IrAEs caused by ICIs can complicate effective therapy and limit these use in patients with cancer [35, 36]. Understanding the precise pathophysiology associated with irAEs is critical for developing noninvasive developing diagnostic and therapeutic strategies for CIP. In this study, we used BALF, a noninvasive reproducible sampling method, to generate a comprehensive and systematic single-cell transcriptomic atlas of CIP. We identified the key cellular players, molecular pathways, and effector programs associated with CIP. Furthermore, the trajectories for both T cells and myeloid cells, as well as TCRαβ analysis, demonstrated the cellular differentiation programs and clonality expansion associated with CIP. We are the first to use scRNA-seq and scTCR-seq to present a transcriptomic atlas of the bronchoalveolar immune landscape in CIP, comparing immune cell types as well as their precise phenotype and clonotype distribution to those of ICIs treated patients without CIP, and validated these results with flow cytometry and cytokine expression analysis.

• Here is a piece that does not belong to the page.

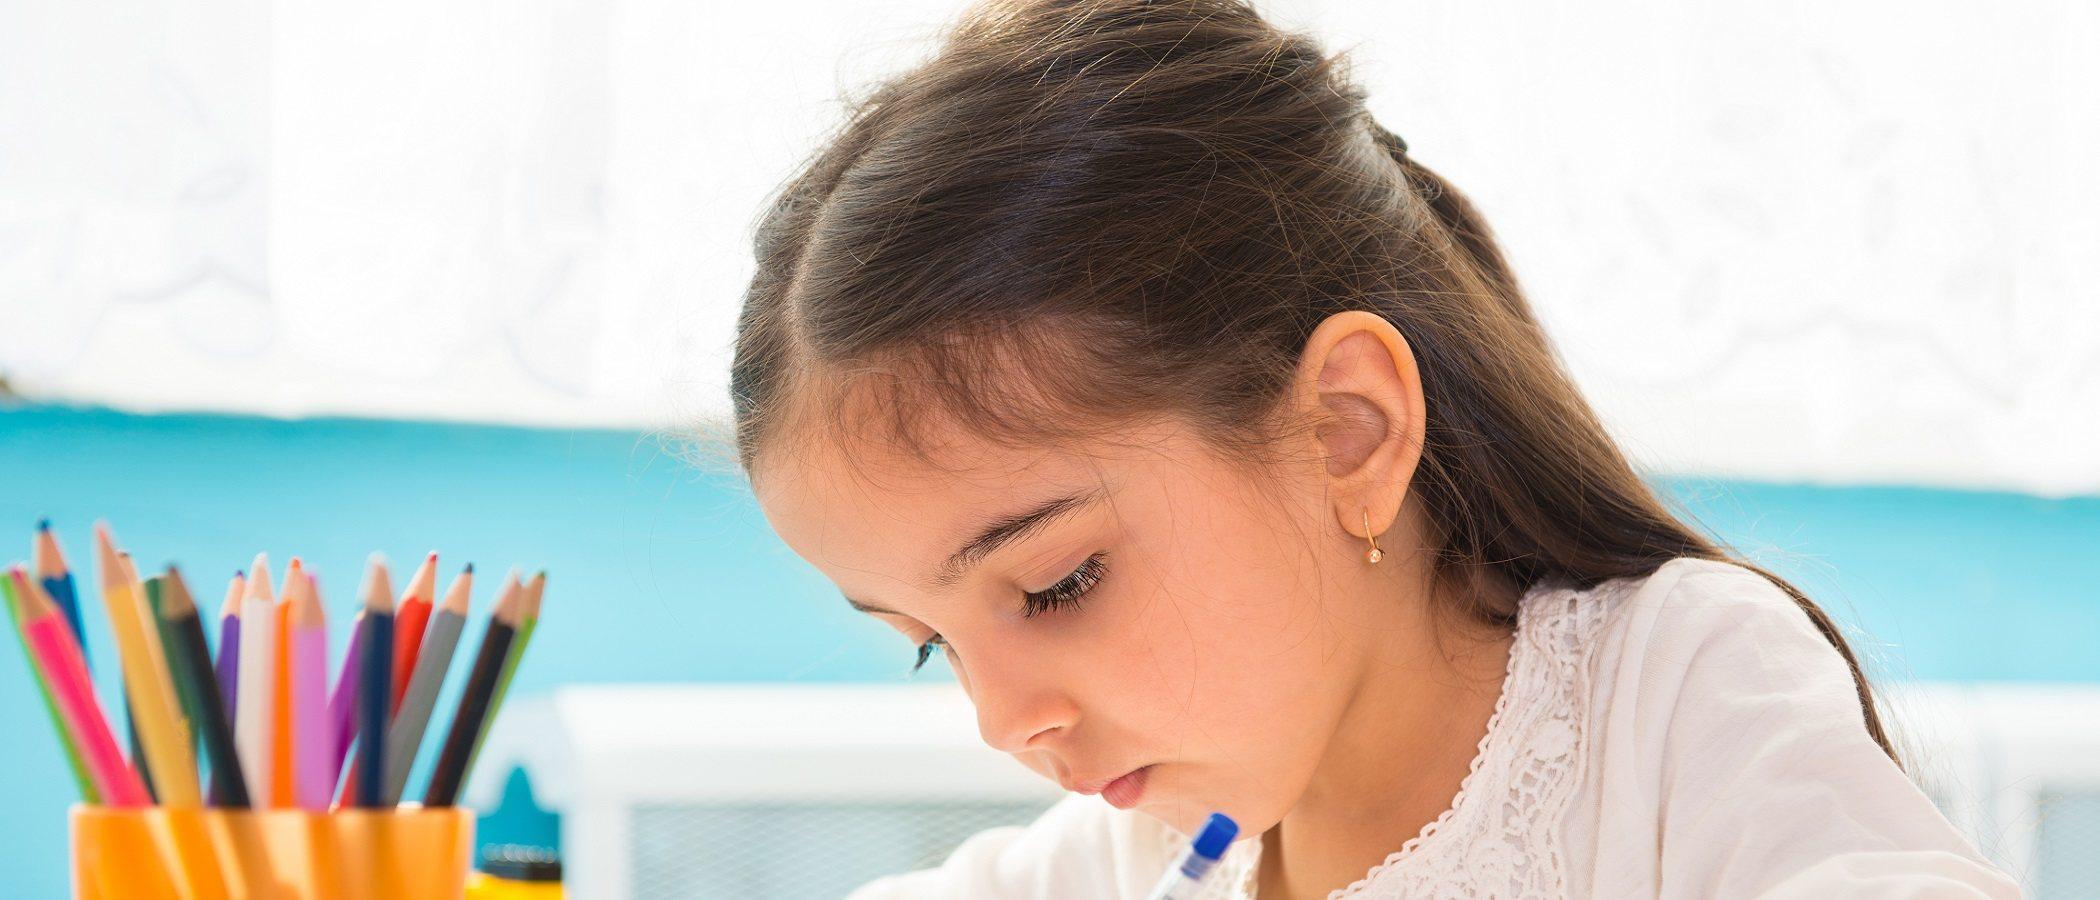 ¿Son importantes las técnicas de estudio en la secundaria?
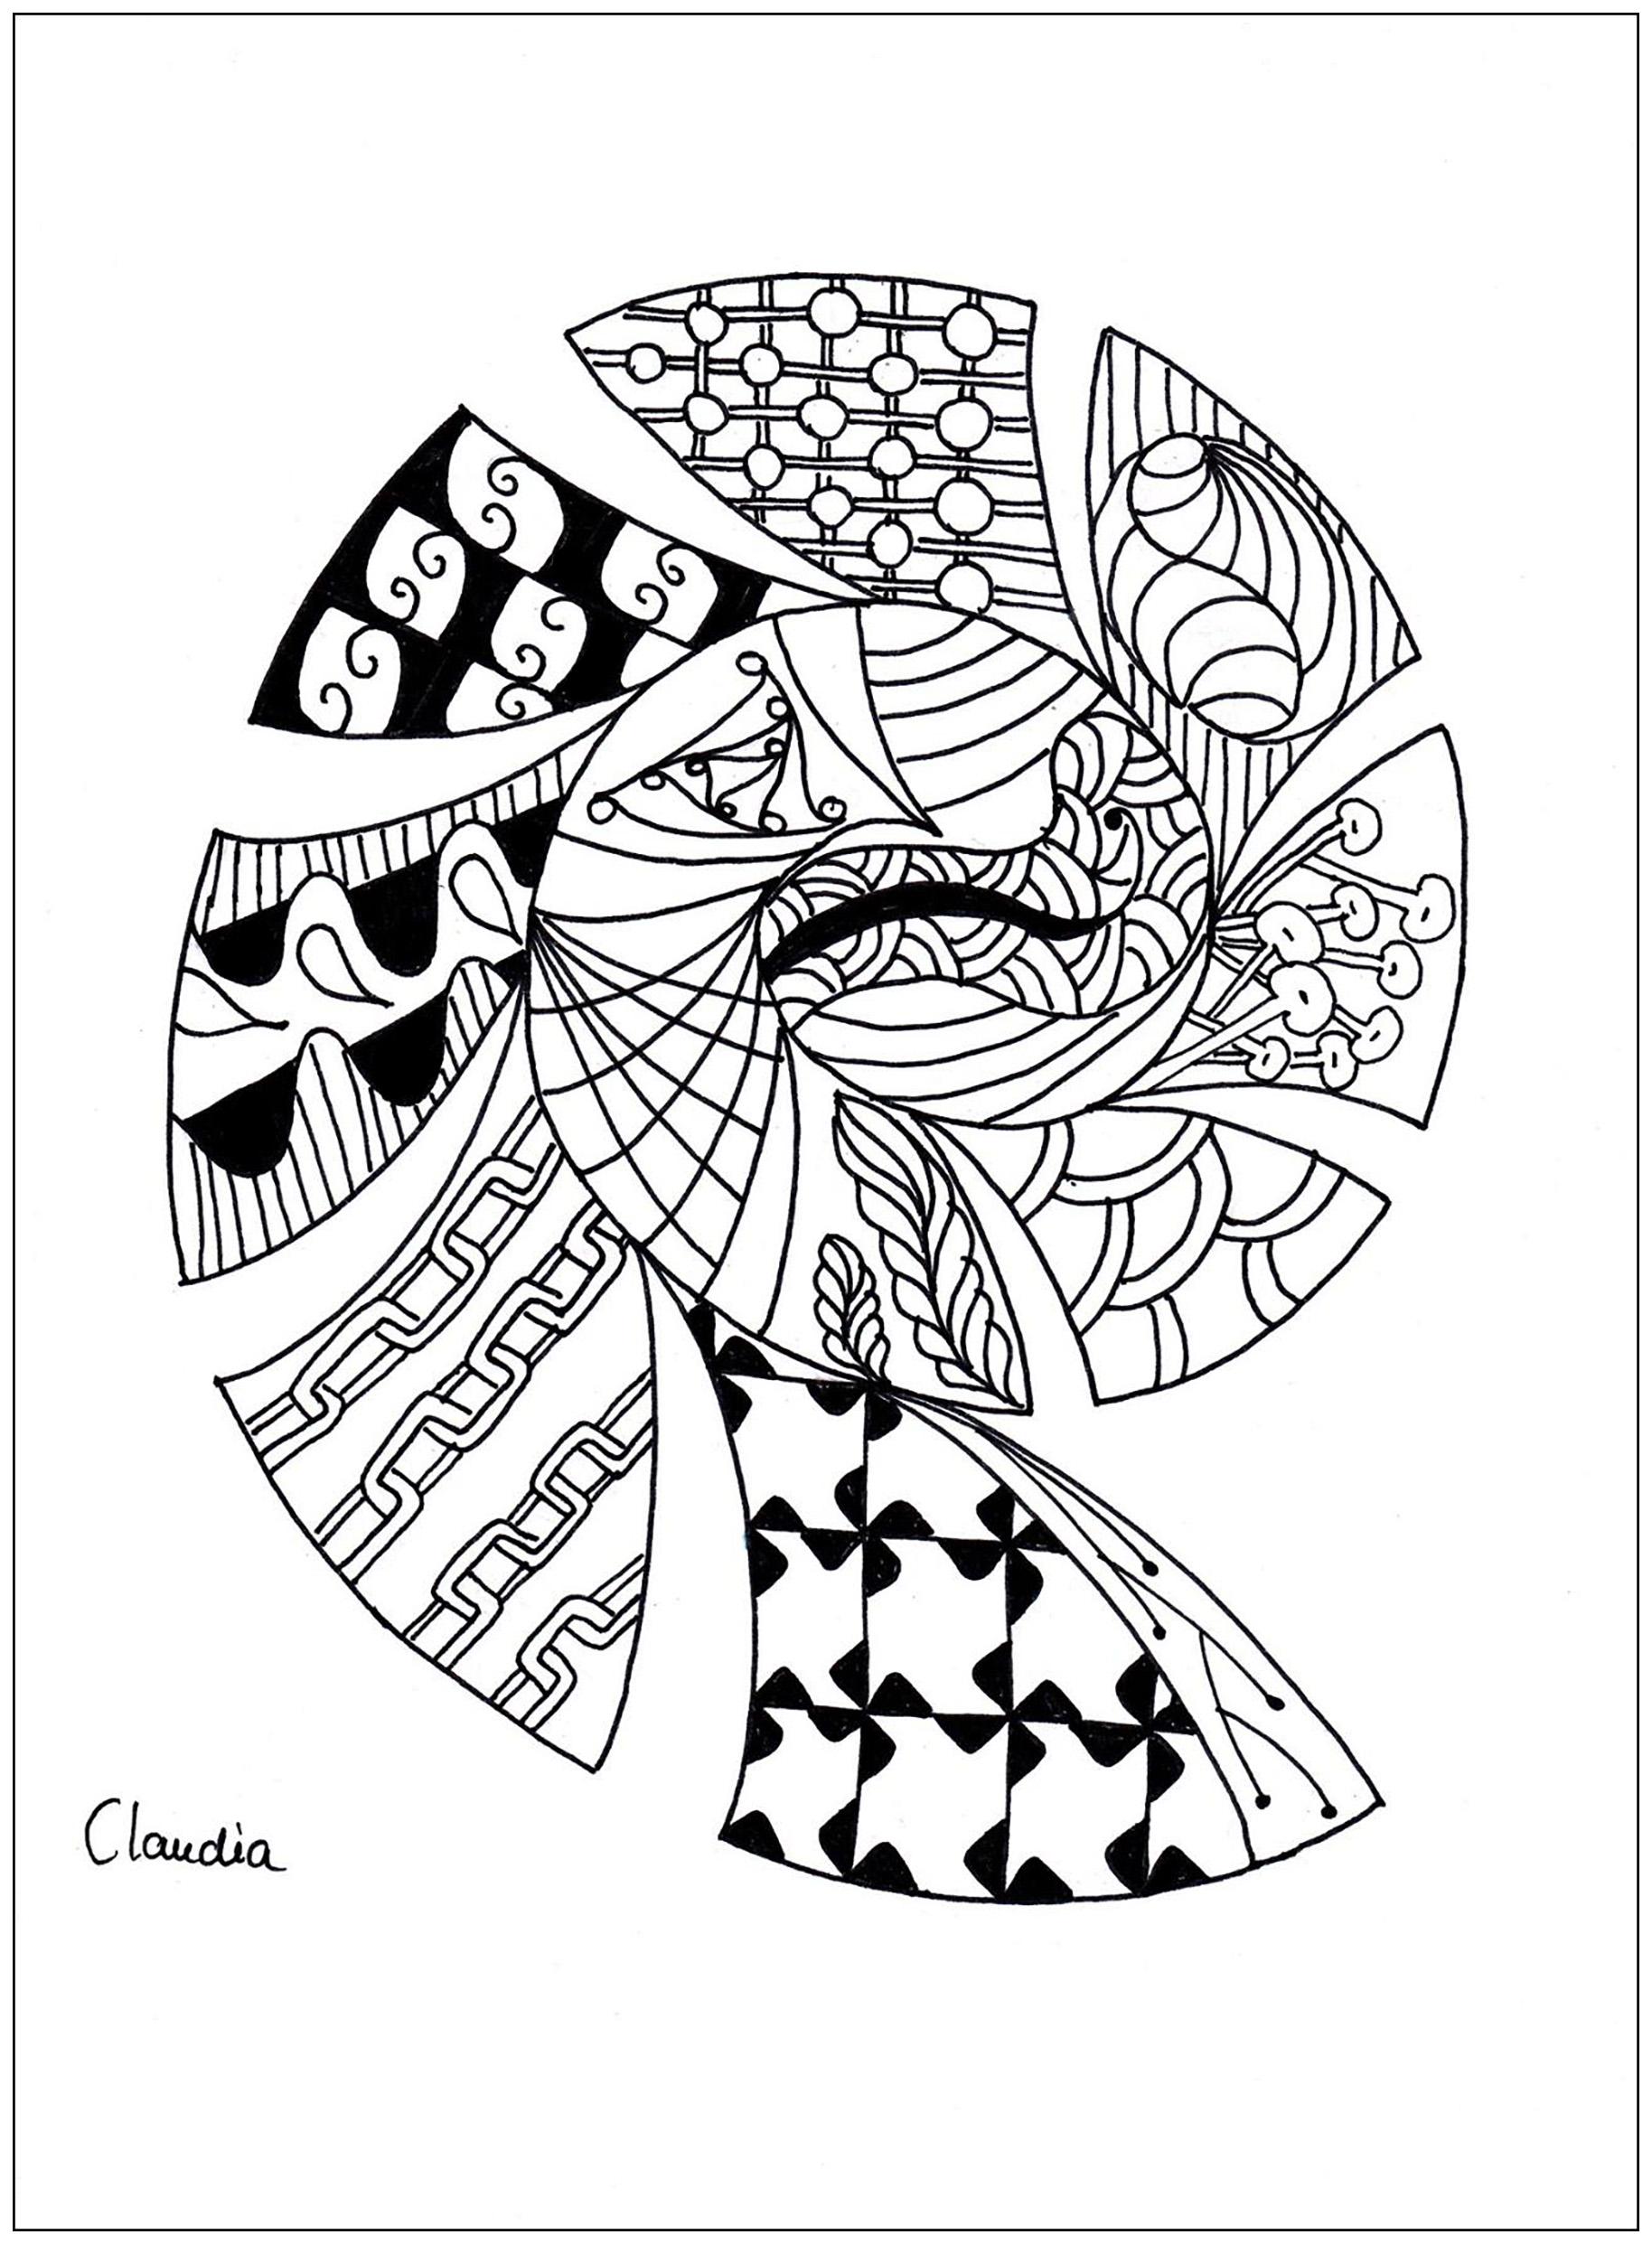 Disegni da colorare per adulti : Zentangle - 42

Recently, a study conducted by Franken et al. [37] have performed deep immune profiling using scRNA-seq and scTCR-seq to discover the mechanism of CIP; however, they compared CIP patients with ICI-untreated cancer patients, which may not reflect the real differences in cellular and molecular characteristics of irAEs induced by ICIs therapy.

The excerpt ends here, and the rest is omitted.